Kine combines on-chain custody of funds in DeFi with the user experience of centralized exchanges, employing "on-chain staking and off-chain trading" and the "Peer to Pool" trading method promoted by Synthetix, allowing trading users to have unlimited liquidity and zero slippage. Liquidity providers add funds to form a liquidity pool, becoming counterparties to trading users. Liquidity providers will also share trading fees and receive KINE token rewards. Since trades in Kine occur off-chain, they are not significantly affected by the performance of public chains. Currently, Kine hopes to wait for Layer 2 technology to mature and may launch Layer 2 in the second quarter.

Options Trading

Opyn

Opyn is a decentralized options trading platform built on Ethereum, allowing users to hedge against price volatility.
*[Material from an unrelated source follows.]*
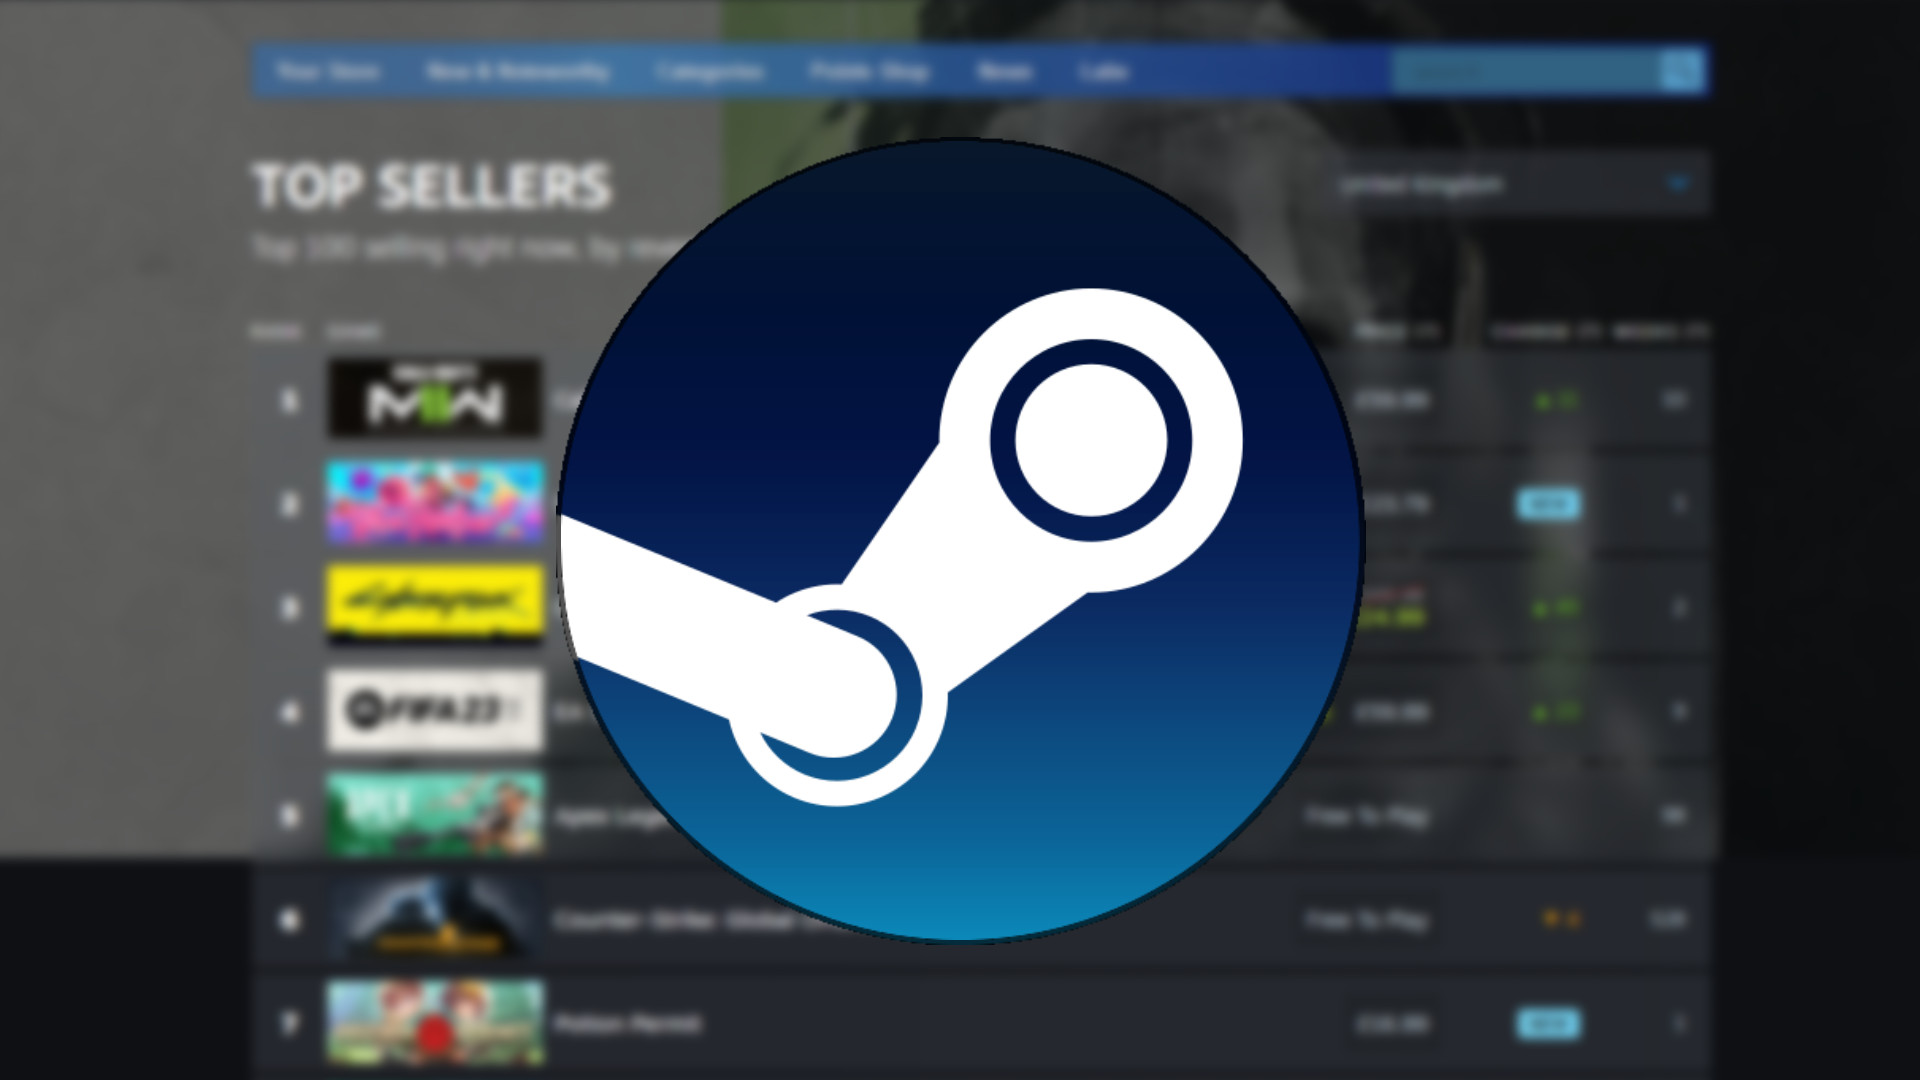 Steam has a new charts hub for top-sellers and most-played games

Paradigm, Dragonfly, 1kx, DTC Capital, and the founders of Synthetix and Aave have all participated in the project's investment. Opyn is built using the Convexity Protocol, which allows users to create put and call options. Users can only buy and sell options with predetermined products, expiration times, and strike prices.

The options sold on Opyn are European options, which can only be settled at expiration. All products are priced in USDC, and option sellers must pledge 100% of the margin to mitigate market risk, receiving corresponding oTokens to sell. For example, if one wants to sell a put option for 1 WETH at a settlement price of 1800 USDC with an expiration date of March 12, they would need to collateralize 1800 USDC, generating 1 oWETHP, and upon selling, receive an option fee of 171 USDC. If the option expires with the WETH price below 1800 USDC, users holding the corresponding oToken can exercise the option and receive the difference between 1800 USDC and the ETH price.

Hegic

Hegic addresses the liquidity issue of options products through liquidity pools. Although it does not have well-known institutional investors, it has gained popularity due to promotion by Andre Cronje, the founder of YFI. Andre once tweeted that YFI's machine gun pool consists of single-coin lossless mining strategies, which are not conducive to generating returns for the liquidity pool, and in the future, he will consider using Hegic's options strategies to help YFI achieve more returns.

Currently, Hegic only includes options for BTC and ETH. Users can provide funds in Hegic to form liquidity pools, which will be used to automatically sell call and put options, becoming counterparties to buyers. Therefore, providing liquidity in Hegic entails taking on the risk of selling options while also enjoying the profits from selling options.

Conclusion

Compared to a year ago, there are now more decentralized derivatives protocols launched, and the three major exchanges in China have also laid out perpetual contract DEXs. However, the number of users is still very low; even the largest dYdX had only 79 users trading 279 times in the past 24 hours. This situation may improve after dYdX launches mining.

Additionally, for the high-frequency trading of perpetual contracts, dYdX, Perpetual, and Injective have all begun adopting Layer 2 solutions, while Kine is also expected to migrate to Layer 2 in the second quarter.